Sentence Diagramming: The Red Wheelbarrow

I don’t get most poetry. If it doesn’t rhyme, and there’s no rhythm, I don’t understand the point of the line breaks; wouldn’t poems be easier to read if they were unbroken text? I also have a hard time enjoying a piece of writing when I don’t understand what it’s trying to say, and poems seem to excel at obtuseness.

However, the whole point of sentence diagramming is self-growth. So. Here’s the most famous poem I could find that makes no sense to me whatsoever: The Red Wheelbarrow by William Carlos Williams. 

red wheelbarrow

I was hoping that diagramming the sentence would reveal some hidden meaning that the author intended. I don’t know if I achieved exactly that, but I did discover something cool.
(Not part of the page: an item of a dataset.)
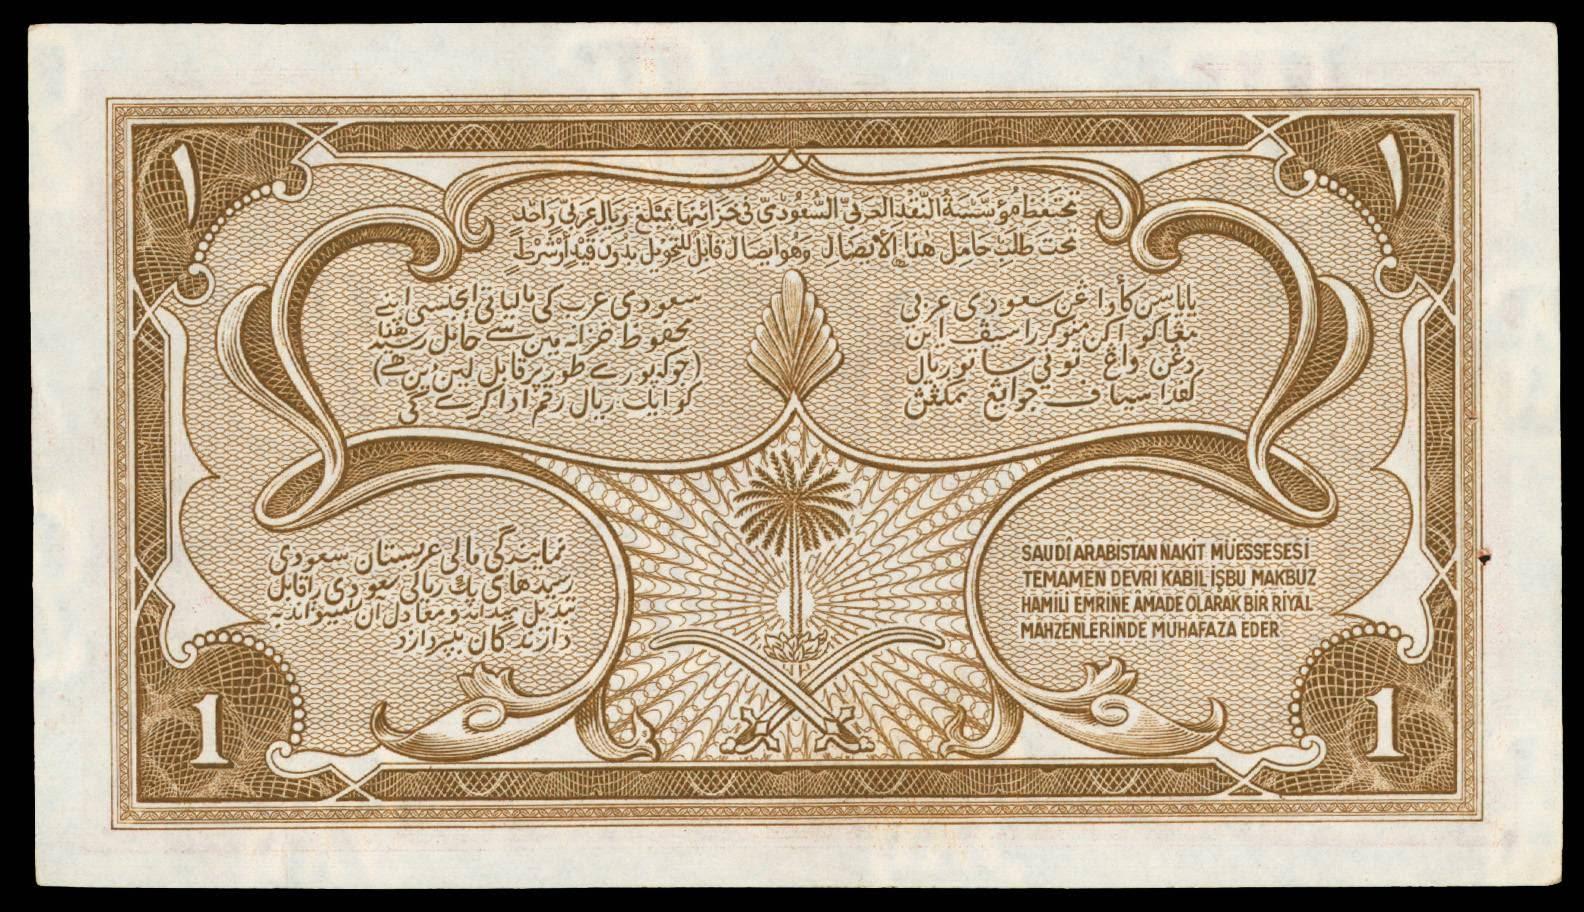 Saudi Arabia money currency One Riyal
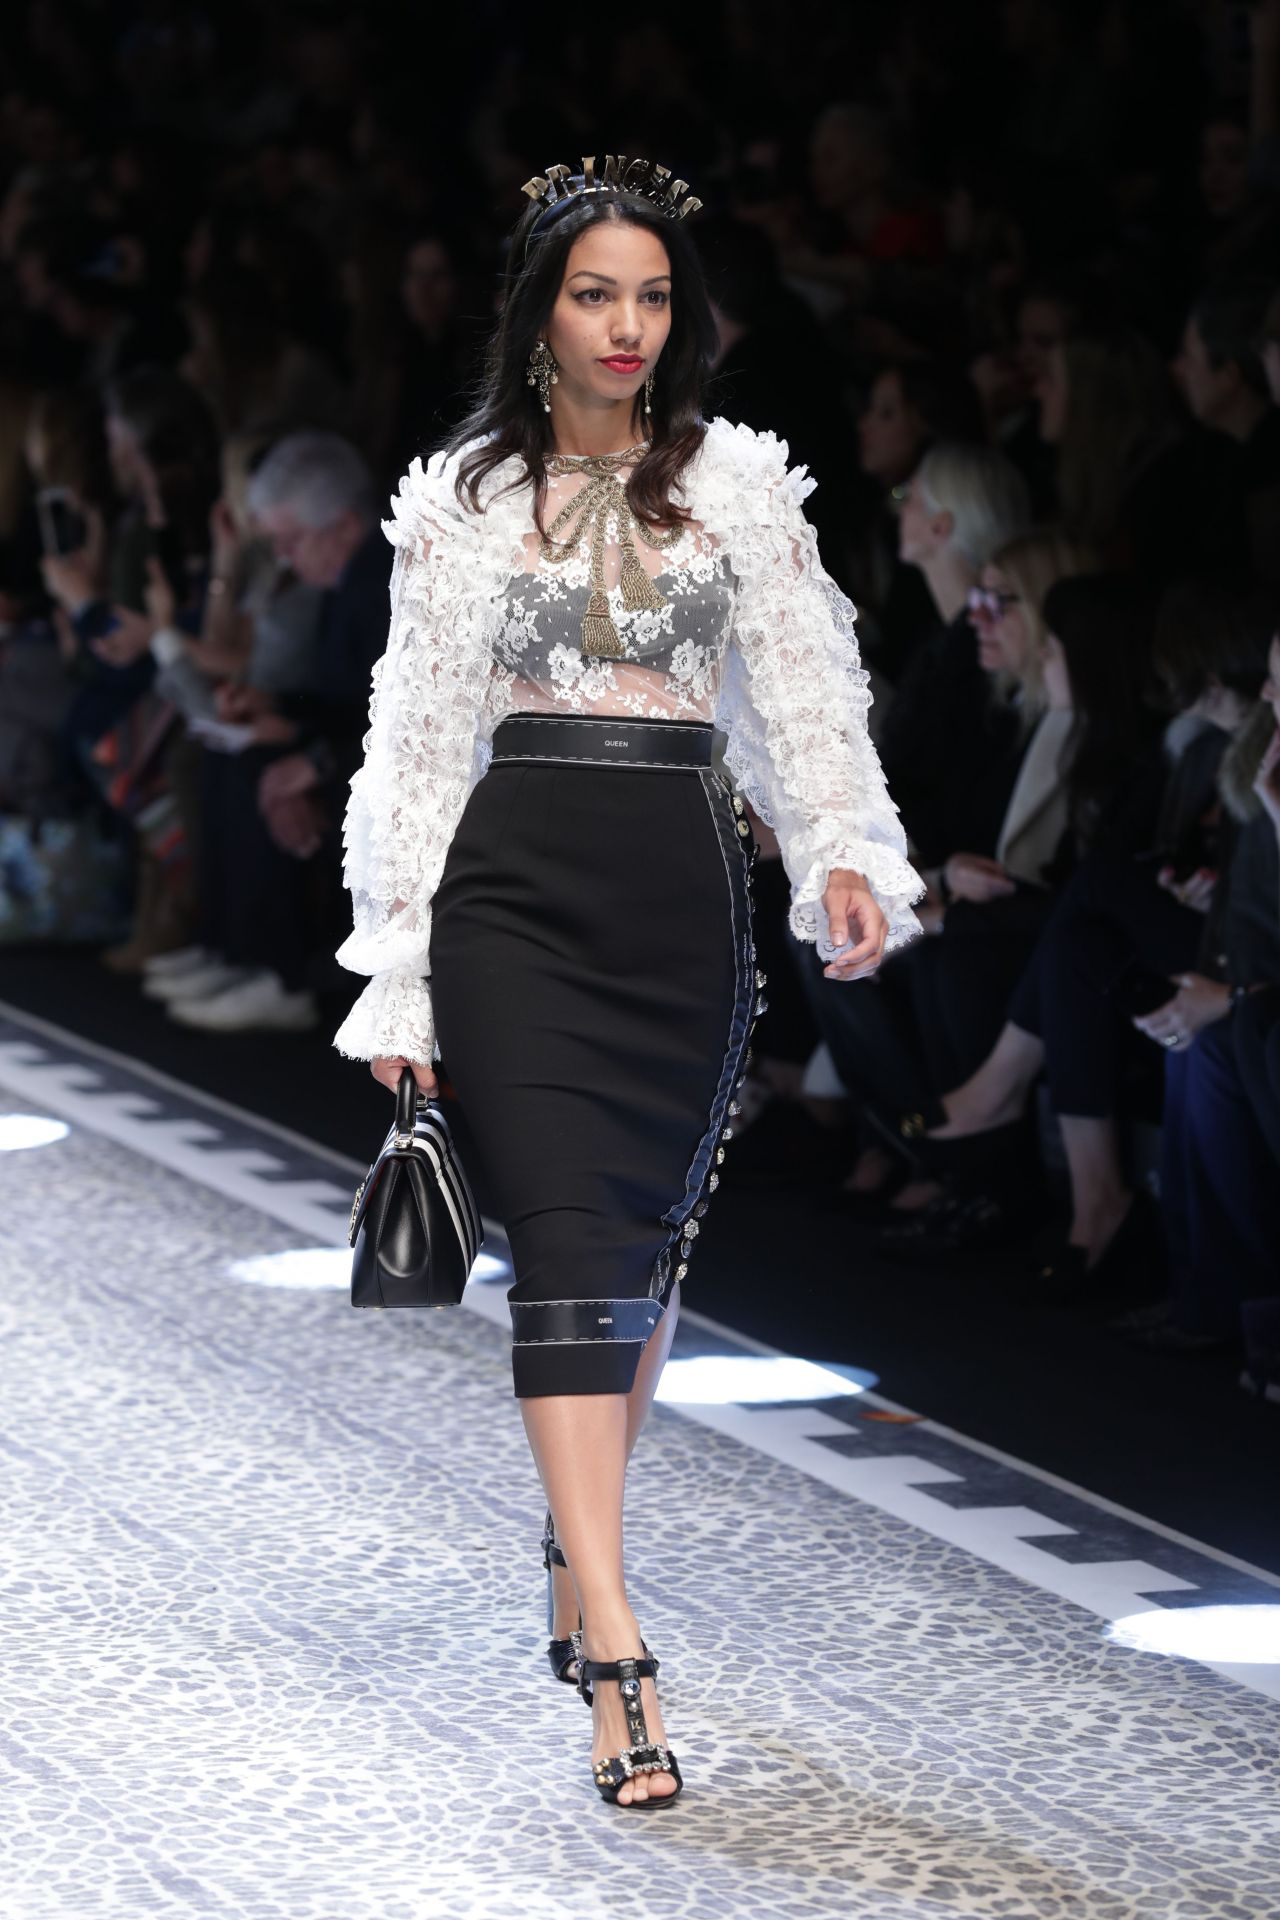 Corinne Foxx - Dolce Gabbana MFW Womens Runway in Milan, February 2017

Look at how the poem drips from the word “depends,” as though the rest of the poem does depend on that word. Interestingly, the word depend comes from the Latin word dependere, “to hang down,” as the poem is doing in this diagram from that very word. Grammatically speaking, the rest of the poem also depends on depends because “upon a red wheel barrow glazed with rain water beside the white chickens” are all dependent clauses. 

Whether this was as the author intended or it’s just a happy accident, I don’t know. But it’s a new way for me to appreciate this baffling poem.